Catalyst Design Strategies for Ammonia Synthesis from Nitric Oxide

Abstract

Ammonia synthesis from nitrogen oxides (NO_x) offers a promising alternative to conventional N₂–H₂ processes by bypassing the energy challenge of N≡N bond cleavage while simultaneously processing major air pollutants. This review outlines our recent progress in the NO_x-To-Ammonia (NTA) reaction using CO or H₂ as a reductant. Catalysts based on Pt/TiO₂, Cu/CeO₂, and Ni/CeO₂ revealed distinct mechanistic pathways involving formate and isocyanate (NCO) intermediates rather than direct NO reduction.
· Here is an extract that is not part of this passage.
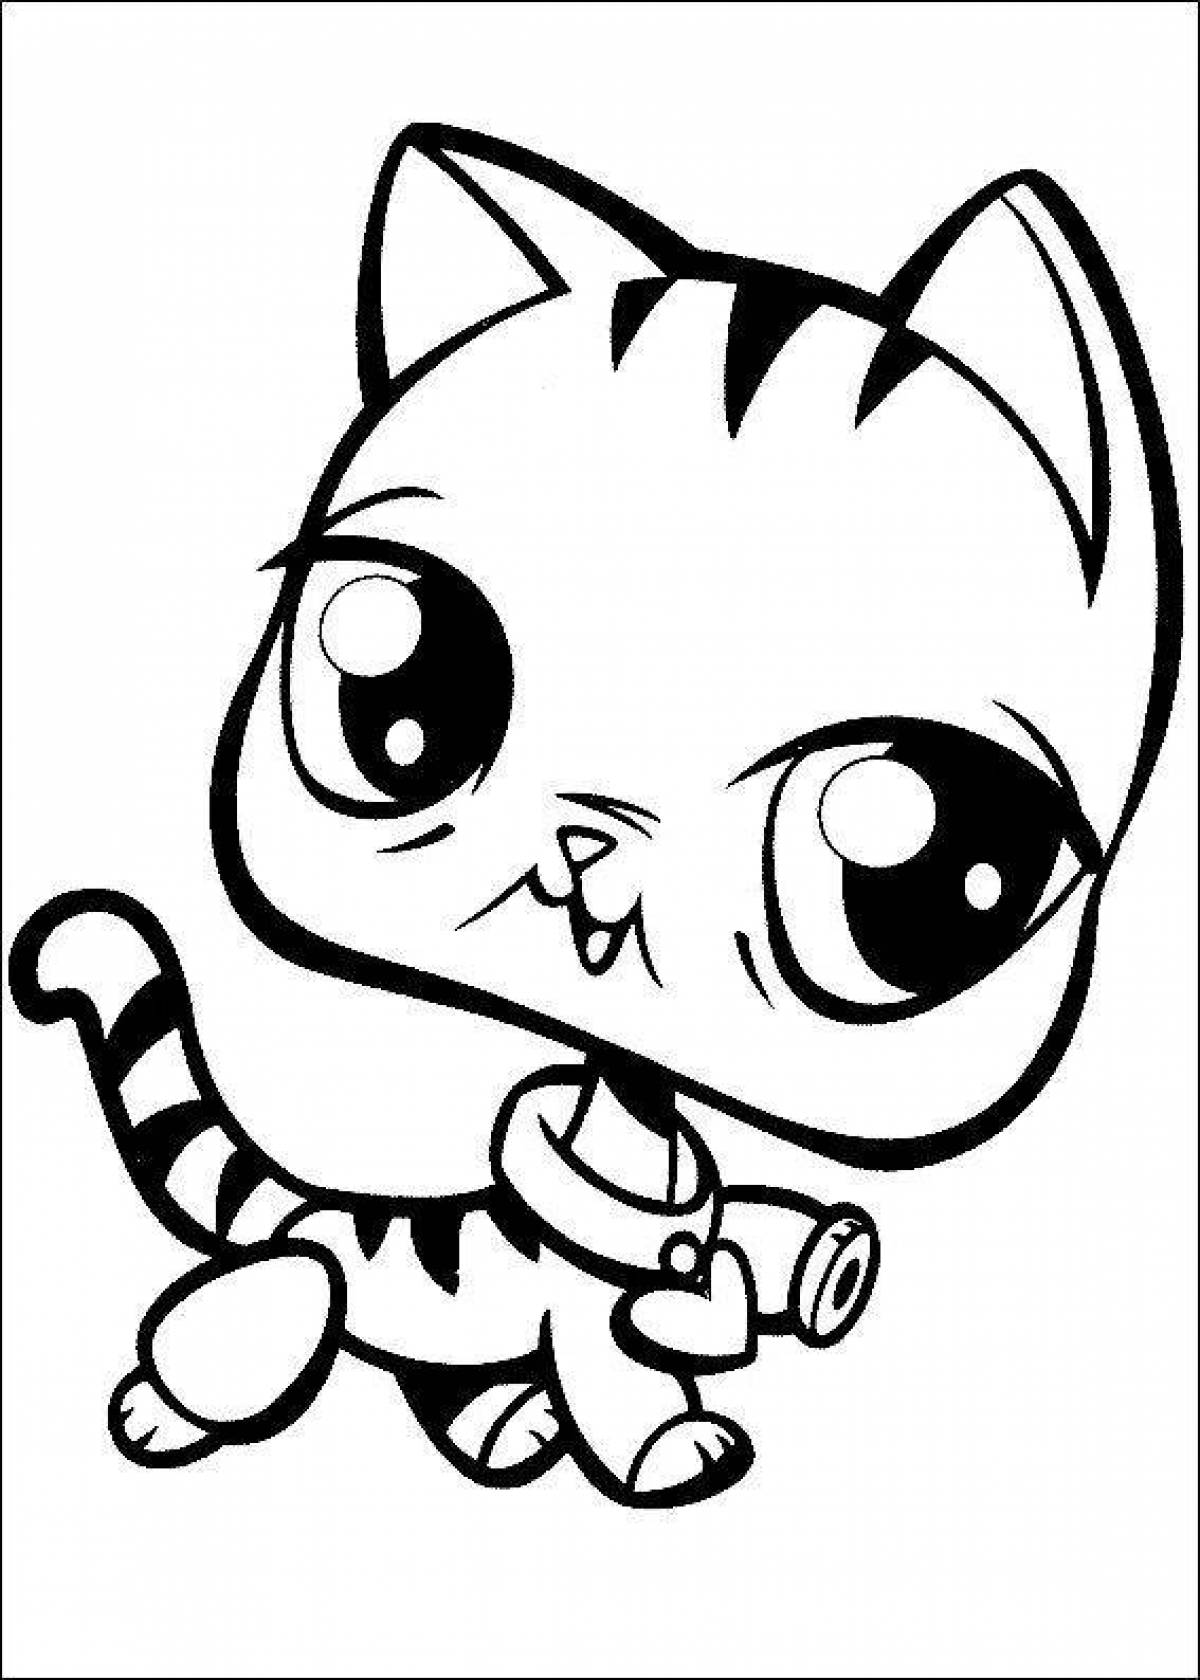 Snuggly cute cat coloring pages

Optimization of the TiO₂ crystalline phase and preparation improved Pt dispersion and boosted activity. Cu/CeO₂ achieved good low-temperature performance without requiring precious metals. Ni/CeO₂ and bimetallic Ni–Pt/TiO₂ catalyzed an NCO-mediated route. Moreover, partially reduced Pt/TiO_2–δ nearly eliminated N₂O byproducts. These advances demonstrate that rational catalyst design targeting key intermediates enables selective low-temperature ammonia synthesis from NO_x, so promoting a sustainable strategy for energy-efficient nitrogen utilization.